Article by Rosemary Campbell /
Deseret Morning News /
August 18, 2011 /
Click here to view original /
Ten-year-old Thylane Lena-Rose Blondeau from France isn’t playing dress-up with other girls her age, she’s playing dress up for fashion magazines. Blondeau isn’t an anomaly. The world of fashion is targeting increasingly younger girls for its ad campaigns, reports Fox News. Young girls dressed in adult fashion, wearing makeup and posed scandalously in magazines or ads for prominent fashion designers have caused an uproar with many protesting that this practice is sexualizing girls too early, Fox News said.
Nicole Clark, a former model and filmmaker of the “Cover Girl Culture” documentary, told Fox News that what is happening is close to pedophilia. “This ‘shock and awe’ or pushing-the- envelope method is what drives the ad campaign world. The envelope has to be pushed further and further to get the same impact from audiences,” Clark said. “Now we have this 10-year-old girl vamped up to appear as a woman, highly sexualized, and I can honestly say that anyone who backs these images is a pedophile, period.” Recently pictured in the pages of French Vogue, Blondeau is positioned suggestively on furniture wearing pimp-style jewelry and provocative clothing, causing such controversy that Blondeau’s mom had to shut down her daughter’s Facebook fan page and Tumblr blog, reported Shitika Anand on Fashionising.com. The fashion industry has used young models for a long time. A 14-year-old Brooke Shields posed in a controversial Calvin Klein ad in 1980, a 13-year-old Dakota Fanning posed for fashion designer Marc Jacobs in 2007, and now her 13-year-old sister, Elle Fanning, is the new face of Jacobs’ Fall 2011 campaign, pictured in clothing much older than her years, Anand said.
One of the reasons ad campaigns target youthful models is for the press, the attention and the appeal to their adult audiences. “For a global audience who walk into these stores and spend an adequate amount in its vicinity, what does a campaign image mean? With what might look like a 14-year-old playing dress ups for a party, these campaign images are shot with a purpose,” Anand wrote. “A purpose to sell the perfume, the handbag or the cashmere knit. A teenager being the face of the brand can do two things for the consumers ? it could either put them off or make them shop up a storm.” While the use of young models makes many uncomfortable, there are those who view it as a characteristic of the fashion industry to push boundaries and be edgy and nontraditional, Fox News reported. “The creative and artistic direction in the fashion world is intended to be far afield from traditional commercial advertisement, often by being outrageous. The photographers, makeup artists and stylists will most certainly be adults, and for luxury and high fashion ads, will be very experienced ? they want the best for the ads. Does that make them pedophiles? I would strongly disagree,” Anne Riley-Katz, a Los Angeles-based fashion and business reporter, told Fox News.

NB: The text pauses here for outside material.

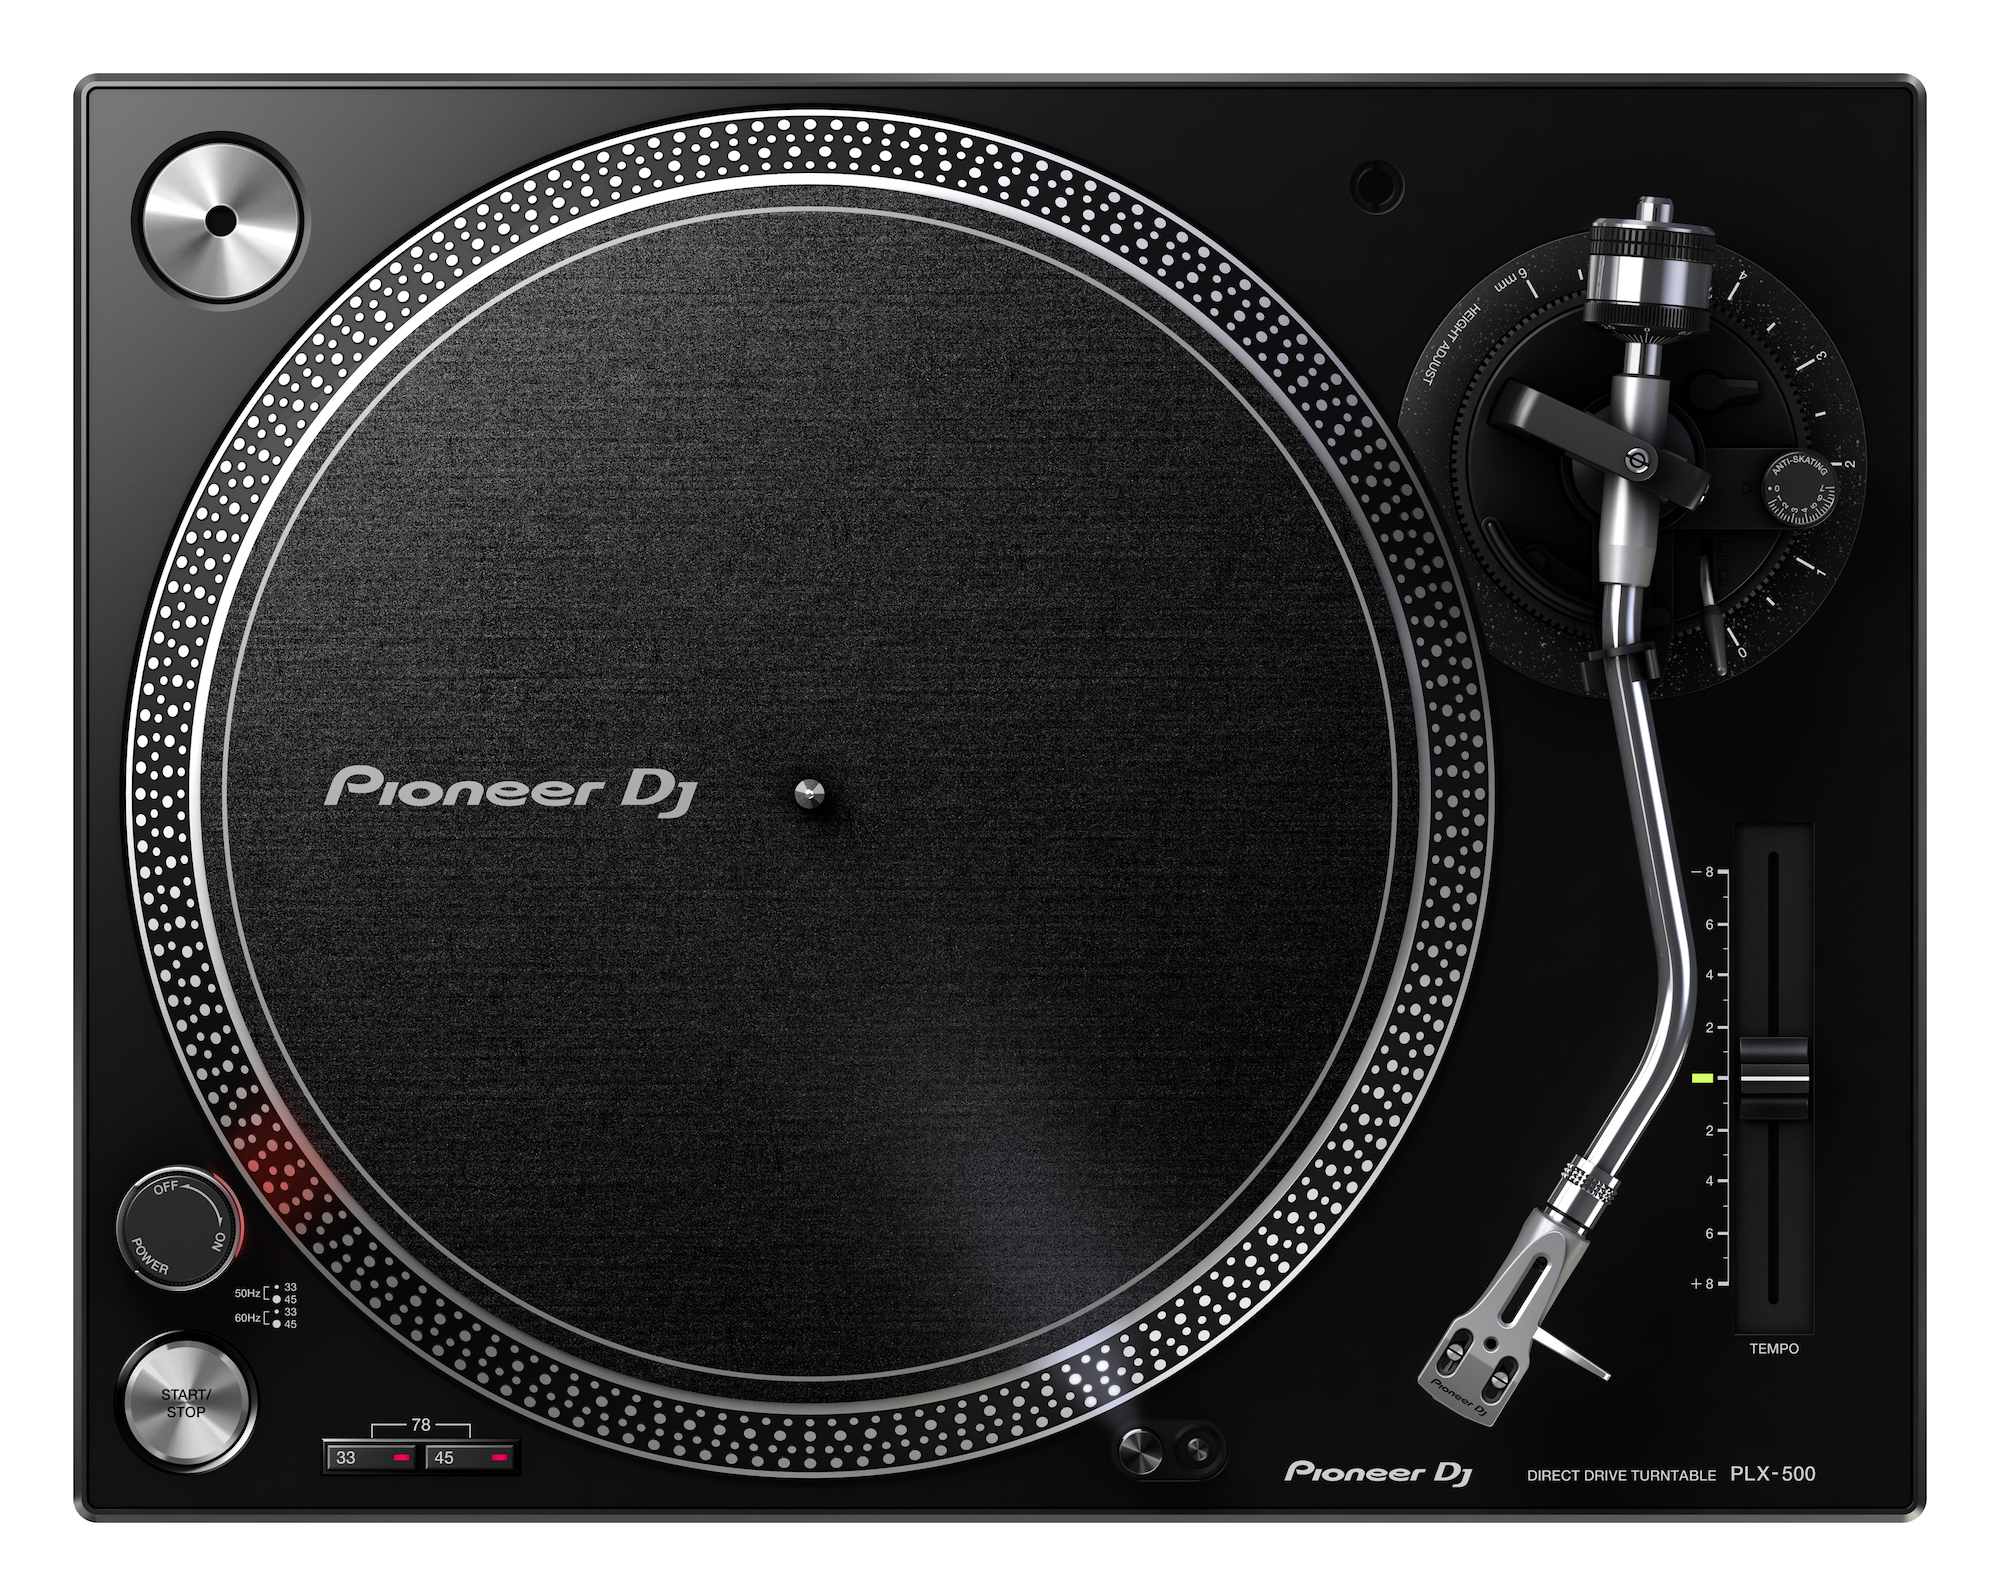 Nuevo plato Pioneer PLX-500 para DJs y amantes de los vinilos
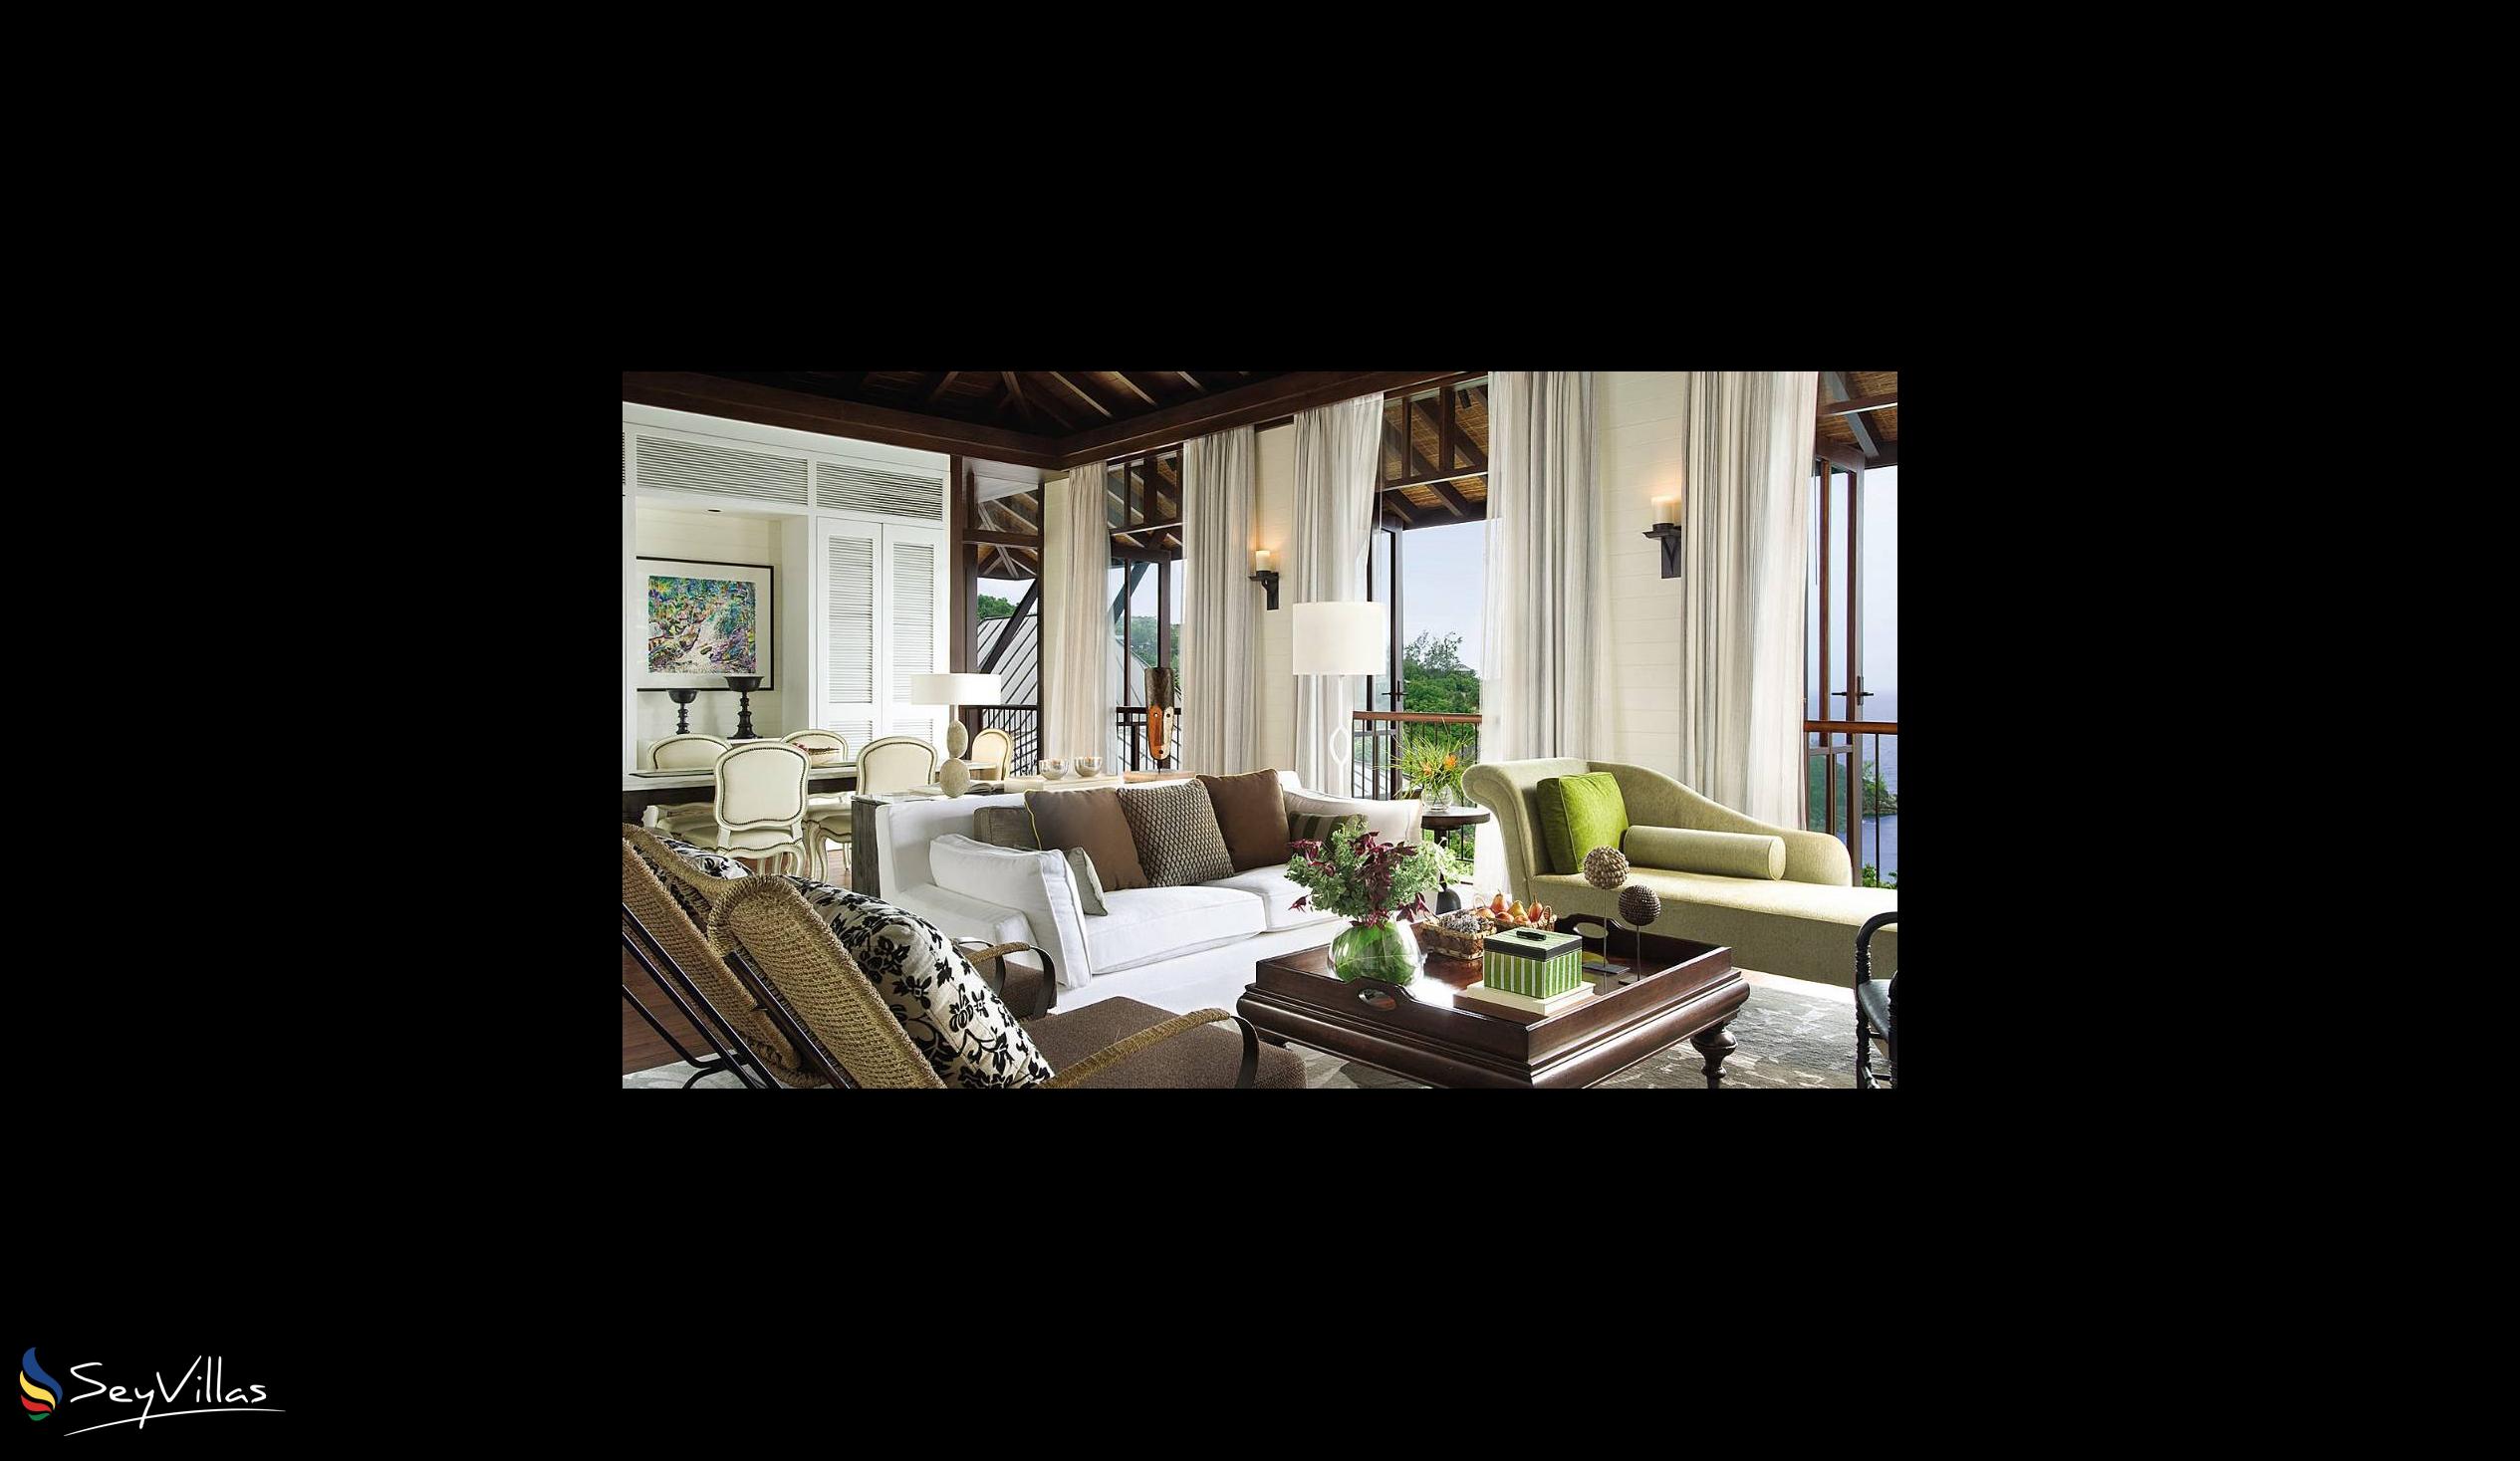 Foto 25: Four Seasons Resort - 2-Bedroom Hilltop Ocean View Suite - Mahé (Seychellen)

Still others disagree with the argument that the trend plucks away childhood at too early an age and think the debate should be less about sexualizing kids too early and more about today’s reality of kids and sexuality.
“In all the ranting and railing against a 10-year-old photographed in a boudoir-setting, lost is a discussion about the reality of kids and sexuality,” wrote Lauren Rosewarne, a social and political science lecturer at University of Melbourne, for ABC. “Talking about the evils of Vogue and we sideline a discussion about childhood having forever changed.” But Clark disagrees with all of that. She told Fox News that while there are many in the fashion industry who don’t participate in targeting youth for marketing campaigns, it’s still up to the government, parents and educators to regulate models’ ages and control what young kids are doing. For her and Anand, the dispute still lies in the early sexualizing of young people and how the fashion industry uses the controversy it sparks to make its profit. “Even though the argument lies in how childhood of these young models is being snatched away from them, there’s no arguing that it does create a fire amongst the industry,” Anand wrote. “It gets people talking and definitely augments the profile of the fashion house. Call it clever marketing strategy or deceiving advertising, the power of a mature face with a juvenile heart has never been clearer before now.”